Required action: Starting at the line that contains "Kidderminster Town Hall - Stock Image" and stopping at the line that contains "K2 Wayback 80", restate each line of the records below exactly. Omit the pictures.

Entries shown:
──────────

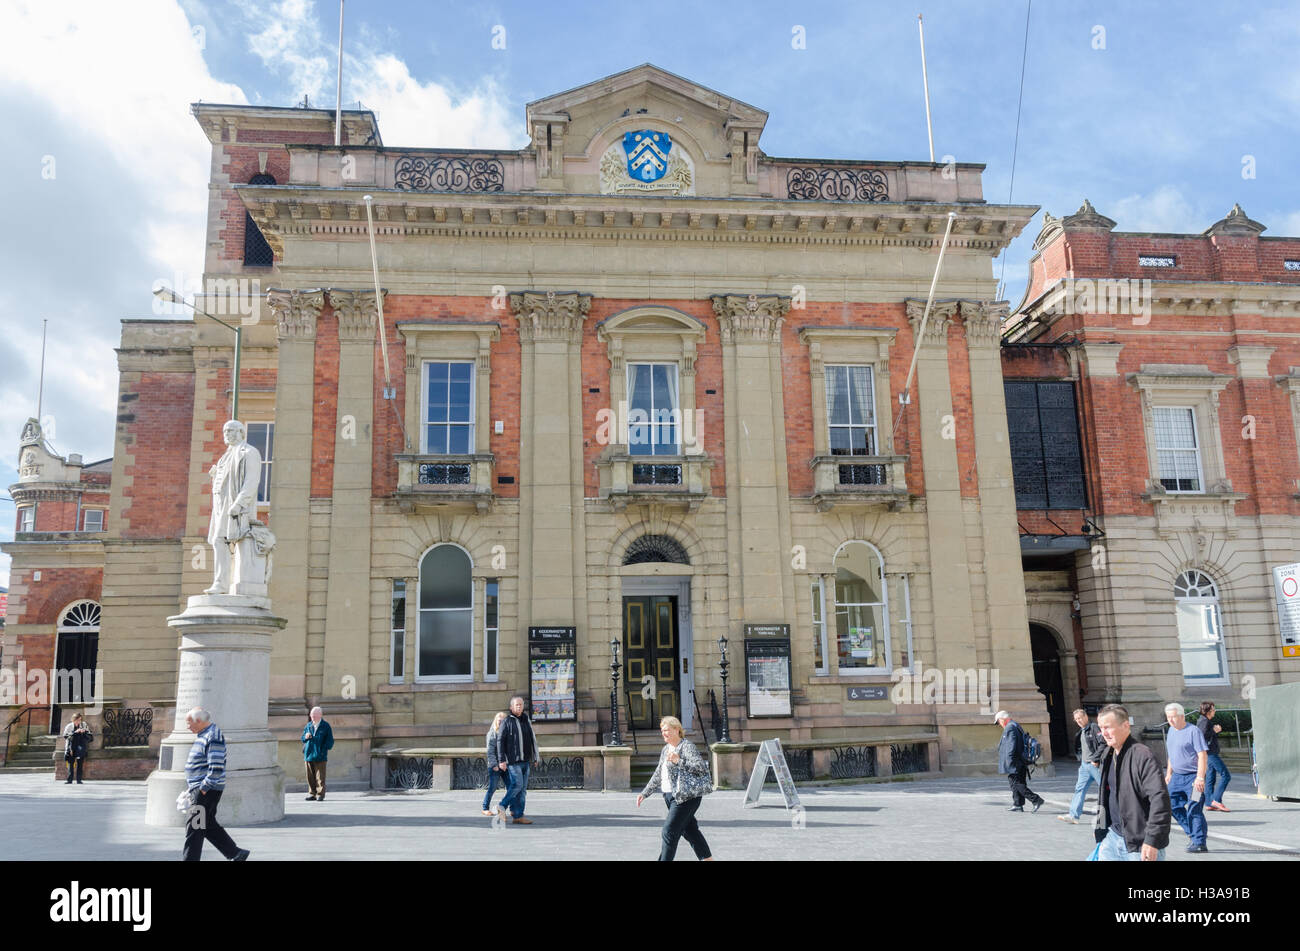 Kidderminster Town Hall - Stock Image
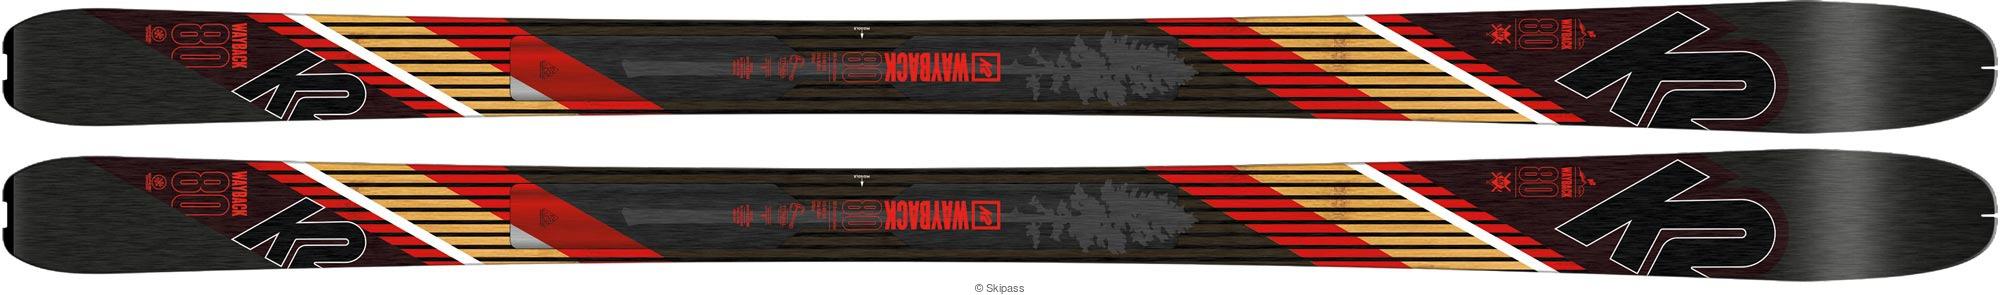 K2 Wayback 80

──────────

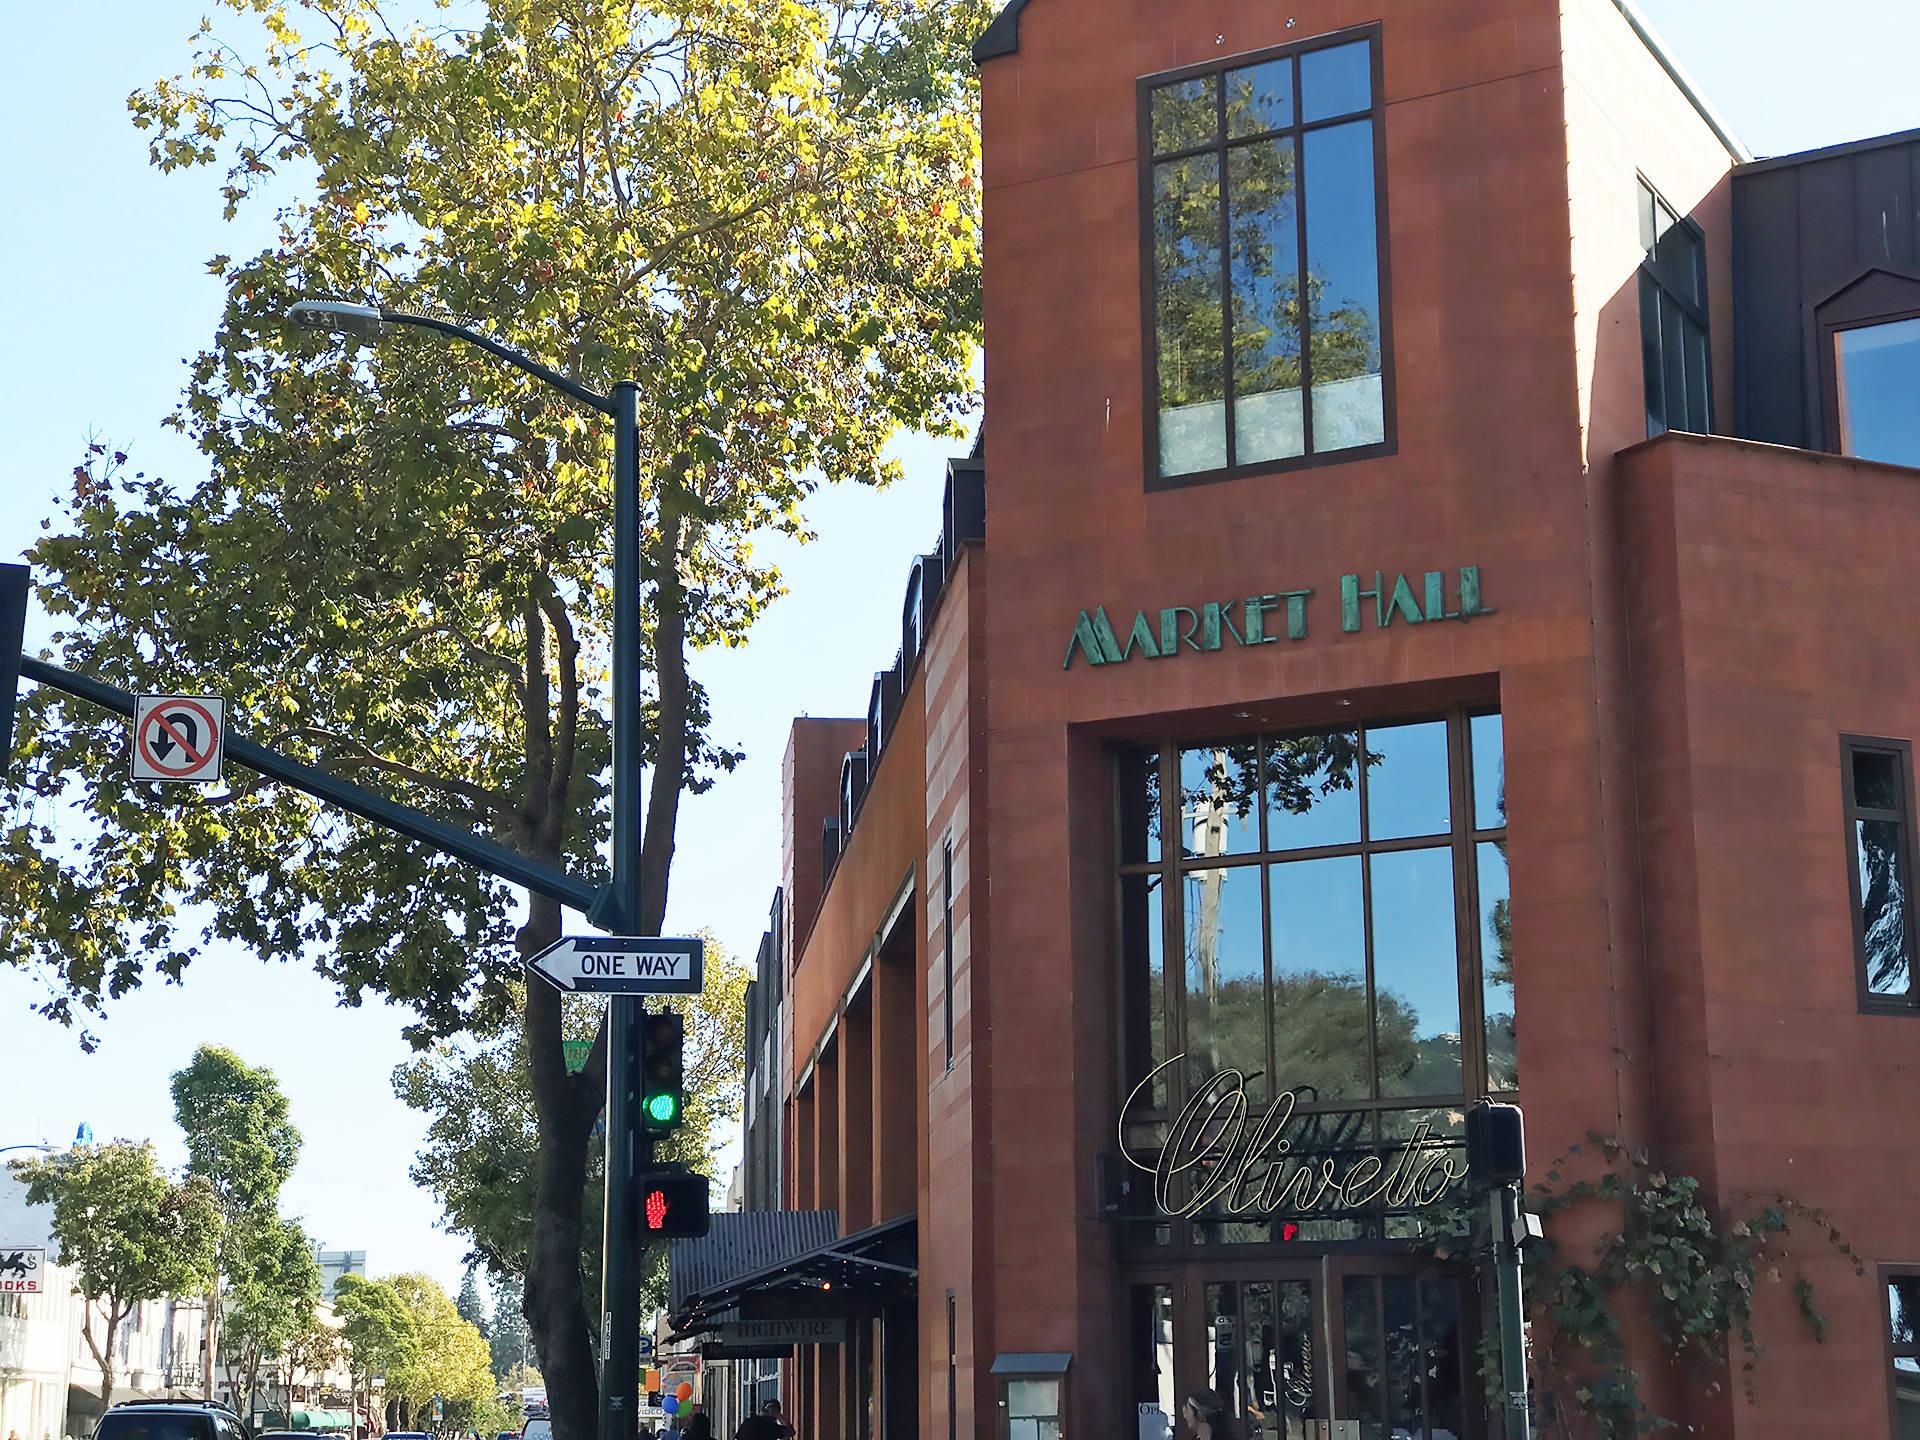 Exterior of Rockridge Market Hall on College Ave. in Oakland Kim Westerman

──────────

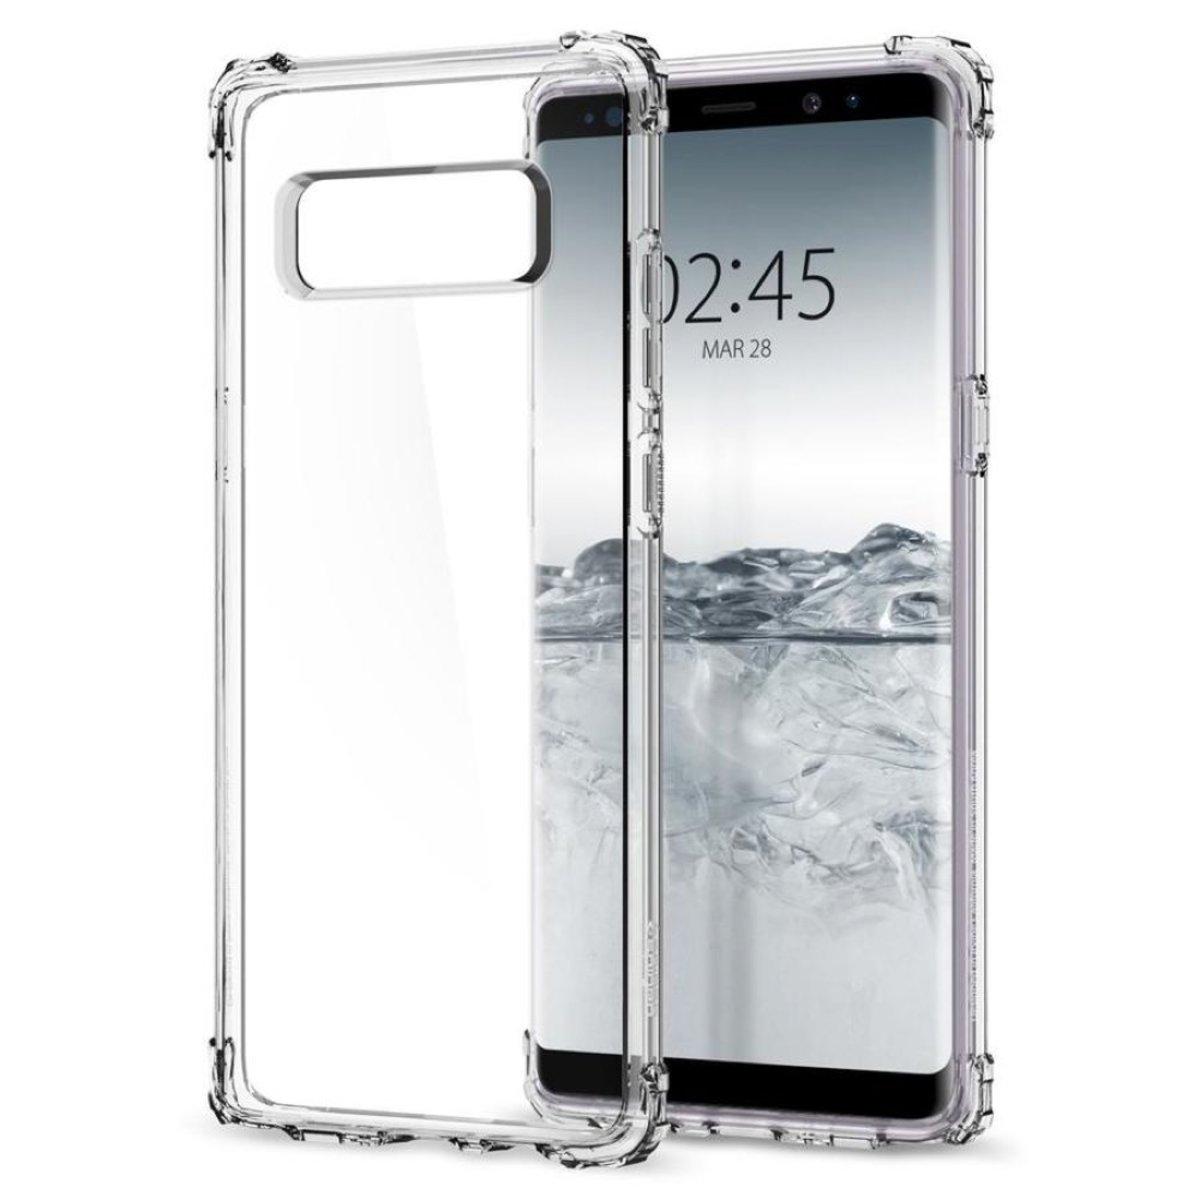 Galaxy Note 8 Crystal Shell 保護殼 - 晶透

──────────

Problem solution:
 Kidderminster Town Hall - Stock Image
 K2 Wayback 80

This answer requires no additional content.